SPD-Chef will Spitzenjob im Rathaus

01.09.2008, 17:41 Uhr / Lesedauer: 1 min

Lünen Lünens SPD-Stadtverbandsvorsitzender Jürgen Kleine-Frauns bewirbt sich auf die Stelle des dritten Beigeordneten in der Stadtverwaltung.

Er selbst machte die Bewerbung gestern öffentlich - wohl um Vorwürfen der Vetternwirtschaft zuvor zu kommen.

Zwar könne niemand leugnen, dass das Parteibuch bei politischen Wahlbeamten häufig eine Rolle spiele.
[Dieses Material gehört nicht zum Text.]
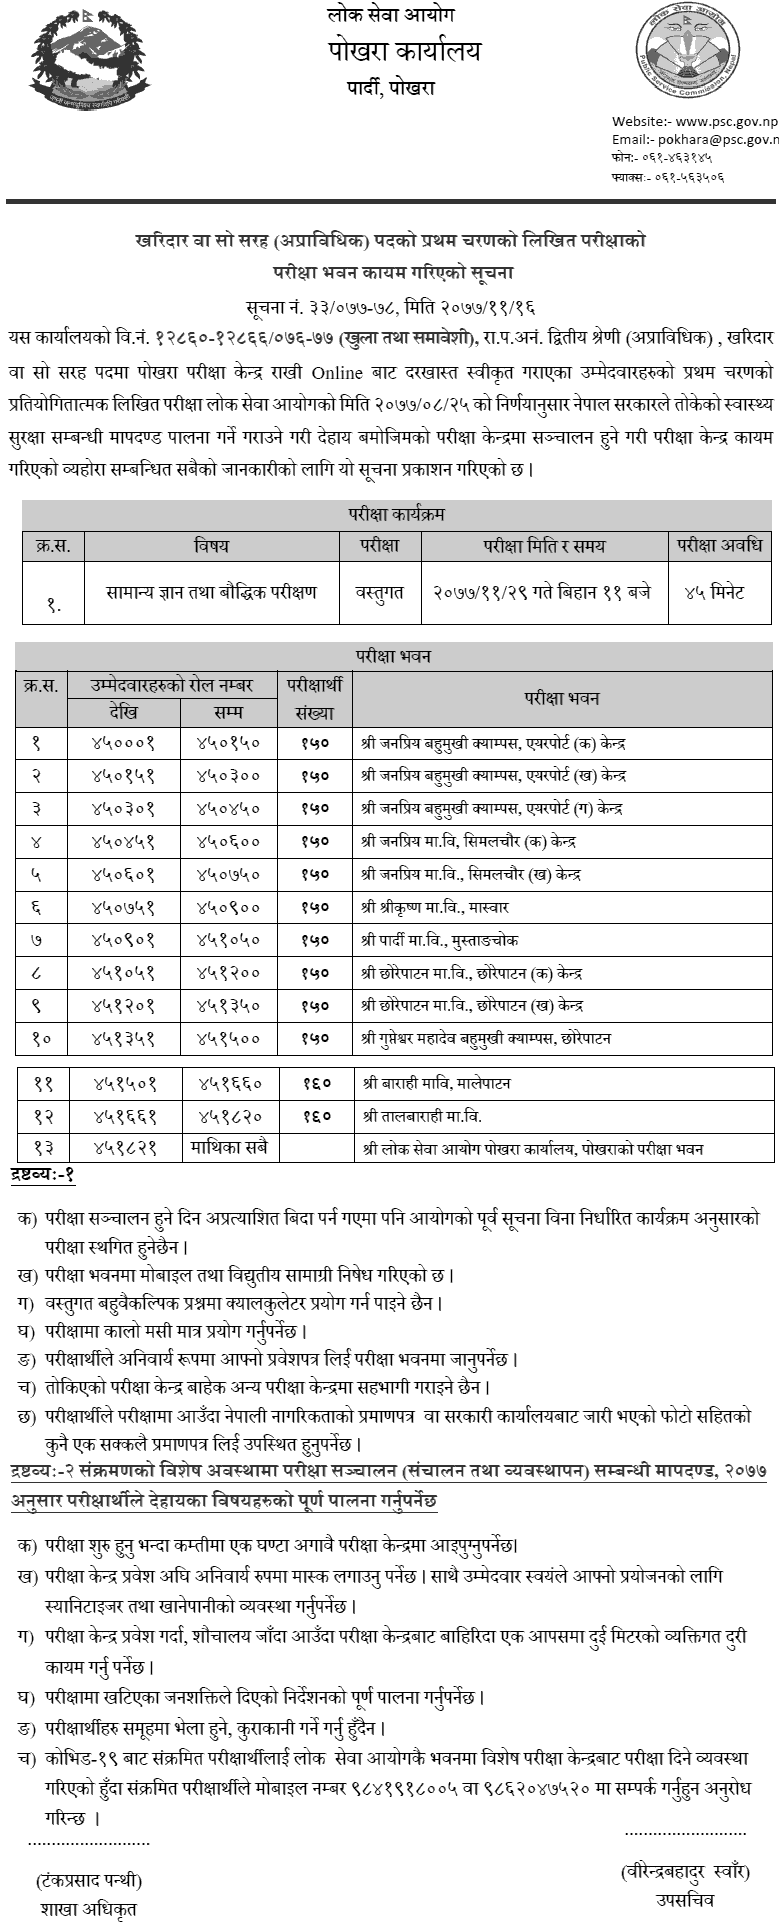 Kharidar 4th Level First Phase Exam Center Pokhara Lok Sewa Aayog

Unmittelbar entscheidend und maßgeblich für die Auswahl seien demgegenüber aber die Qualifikation und Erfahrung für das Amt.

"Hier stelle ich mich dem Wettbewerb mit den zahlreichen anderen Bewerbern um diesen Spitzenjob", erklärte der 41-jährige Rechtsanwalt.
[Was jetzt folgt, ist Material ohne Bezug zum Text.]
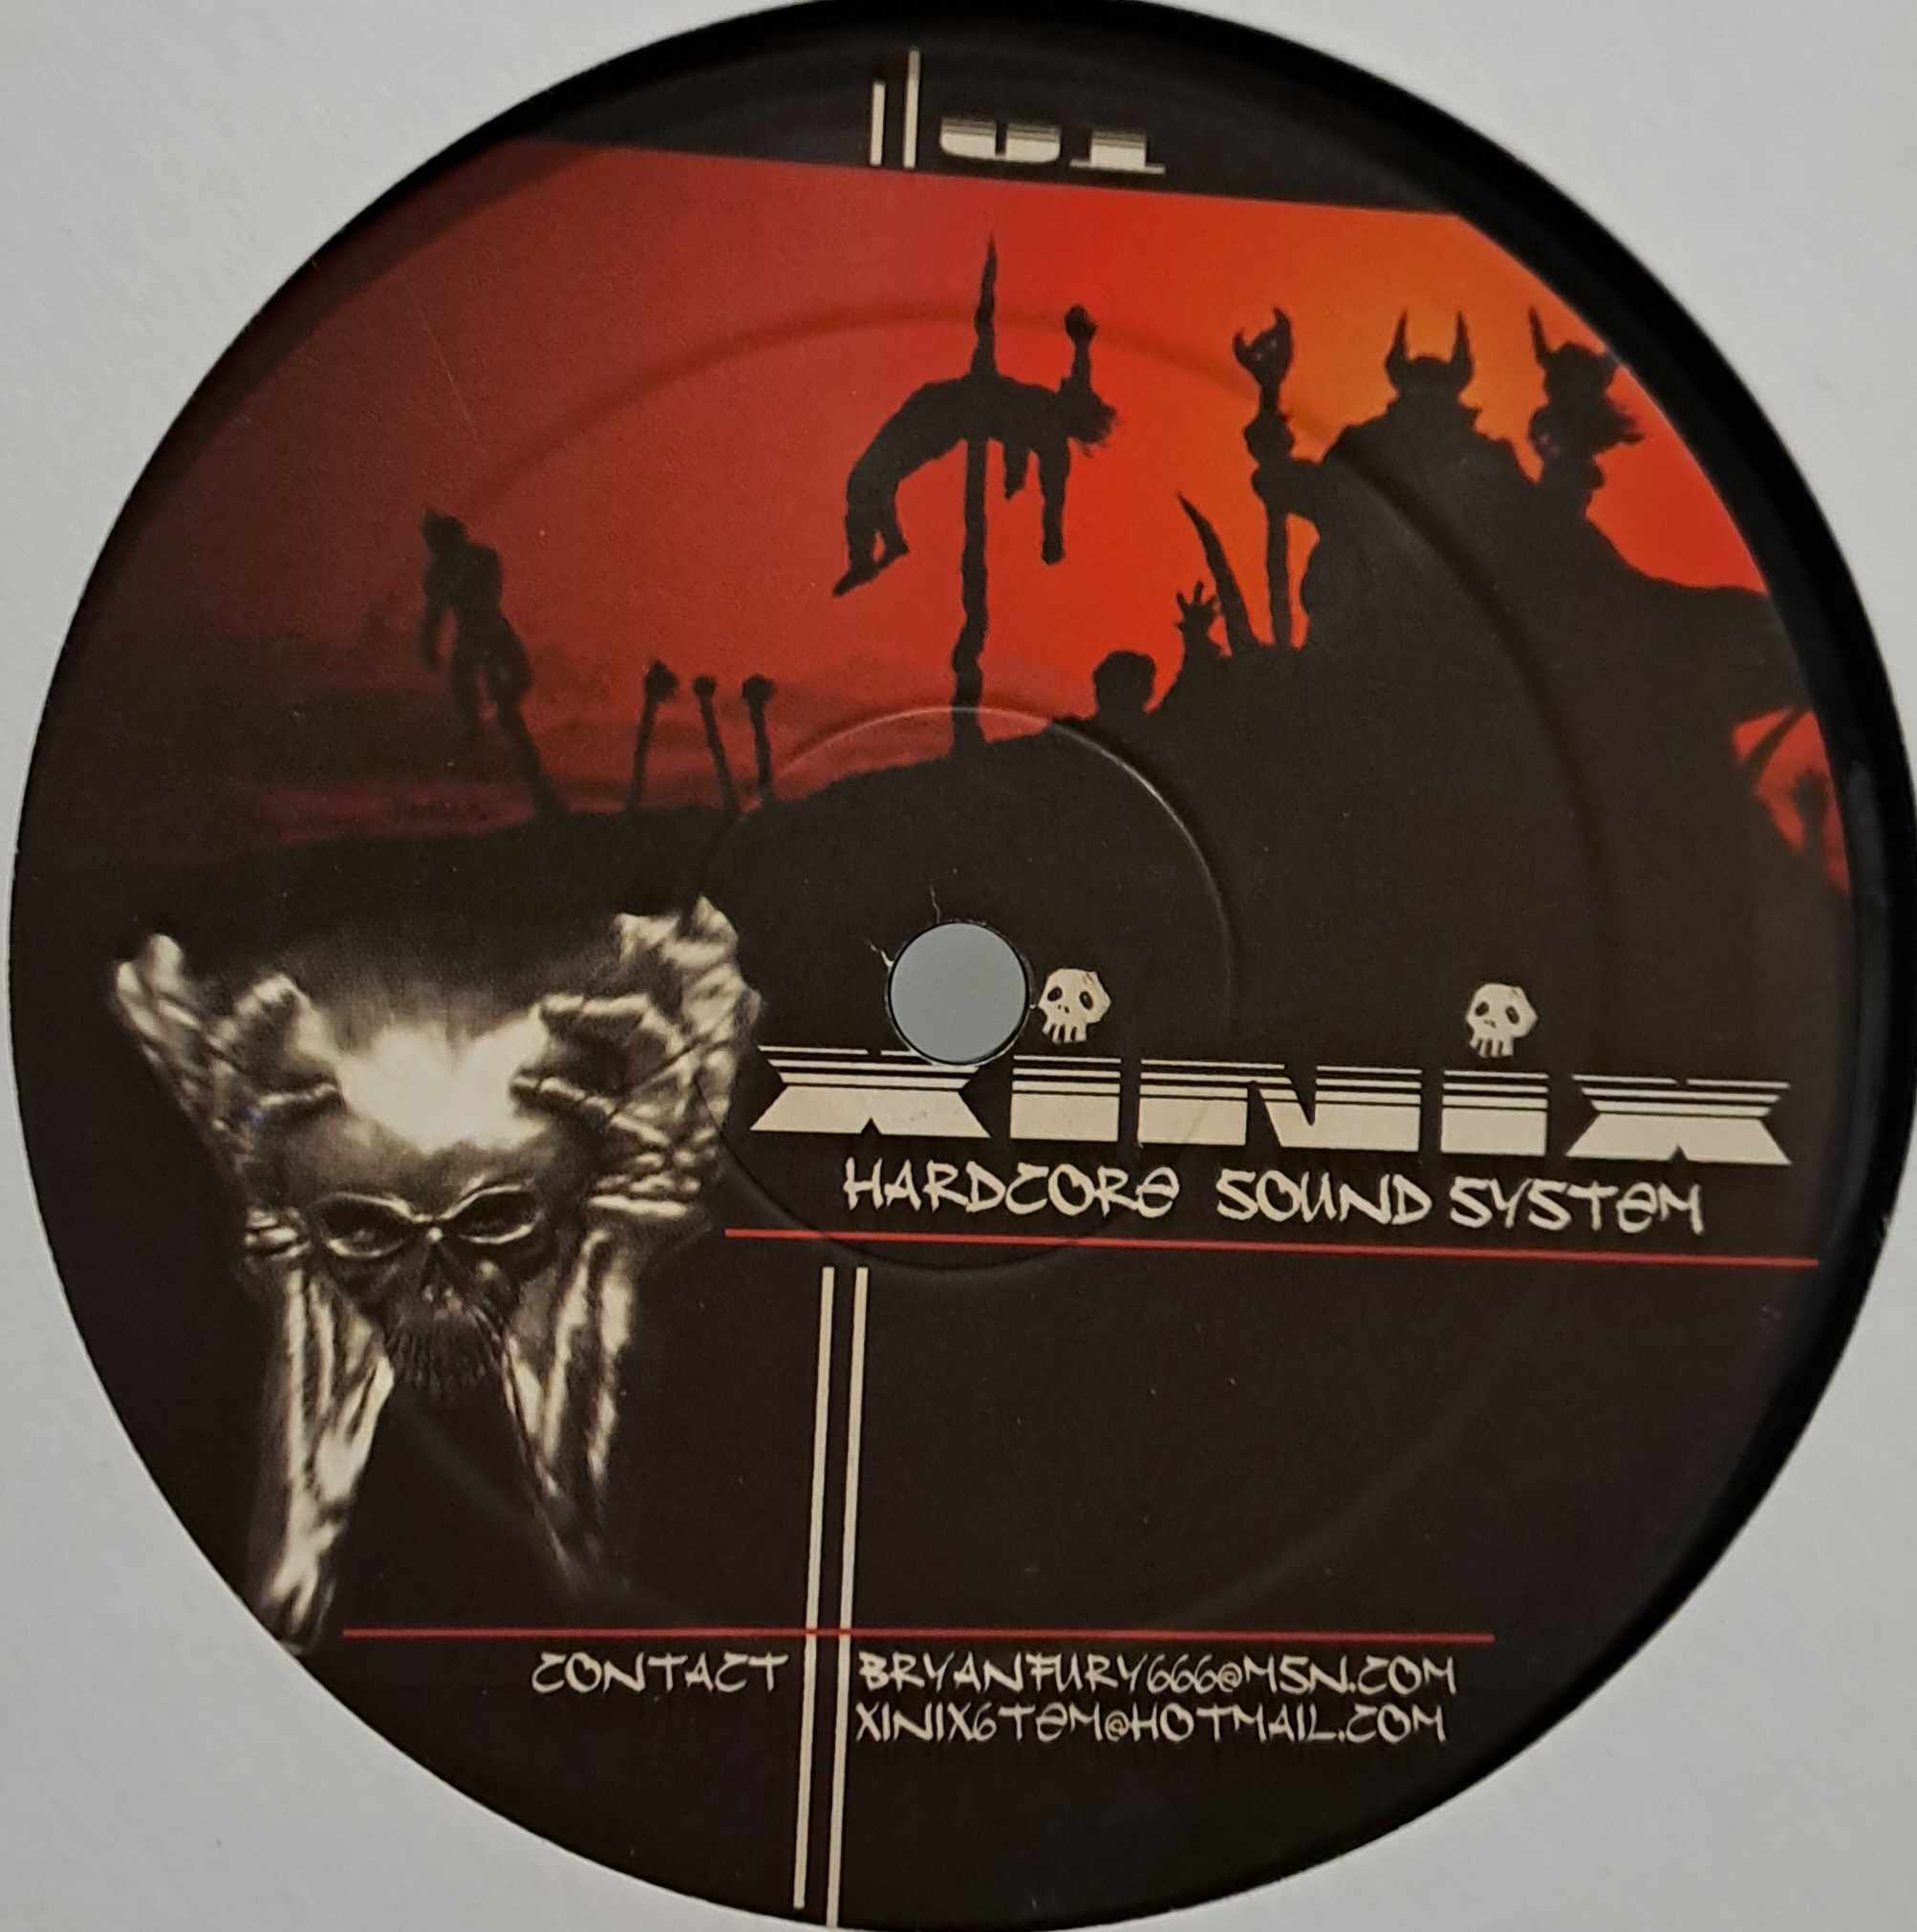 Xinix 01 - vinyle hardcore

Kleine-Frauns ist seit acht Jahren in einer Lüner Anwaltsgemeinschaft tätig und steht seit gut drei Jahren an der Spitze des SPD-Stadtverbandes.

Am Montagnachmittag informierte er die SPD-Fraktion über seine Bewerbung. Sein Amt als Parteivorsitzender wolle er bis zum Ende des Auswahlverfahrens ruhen lassen.

Über 60 Bewerbungen sind laut Mitteilung der Stadt für die Beigeordnetenstelle eingegangen. Die Bereiche Kultur und Sport sollen u.a. in den Geschäftsbereich des neuen Beigeordneten fallen, der vom Rat für eine Amtszeit von acht Jahren gewählt wird.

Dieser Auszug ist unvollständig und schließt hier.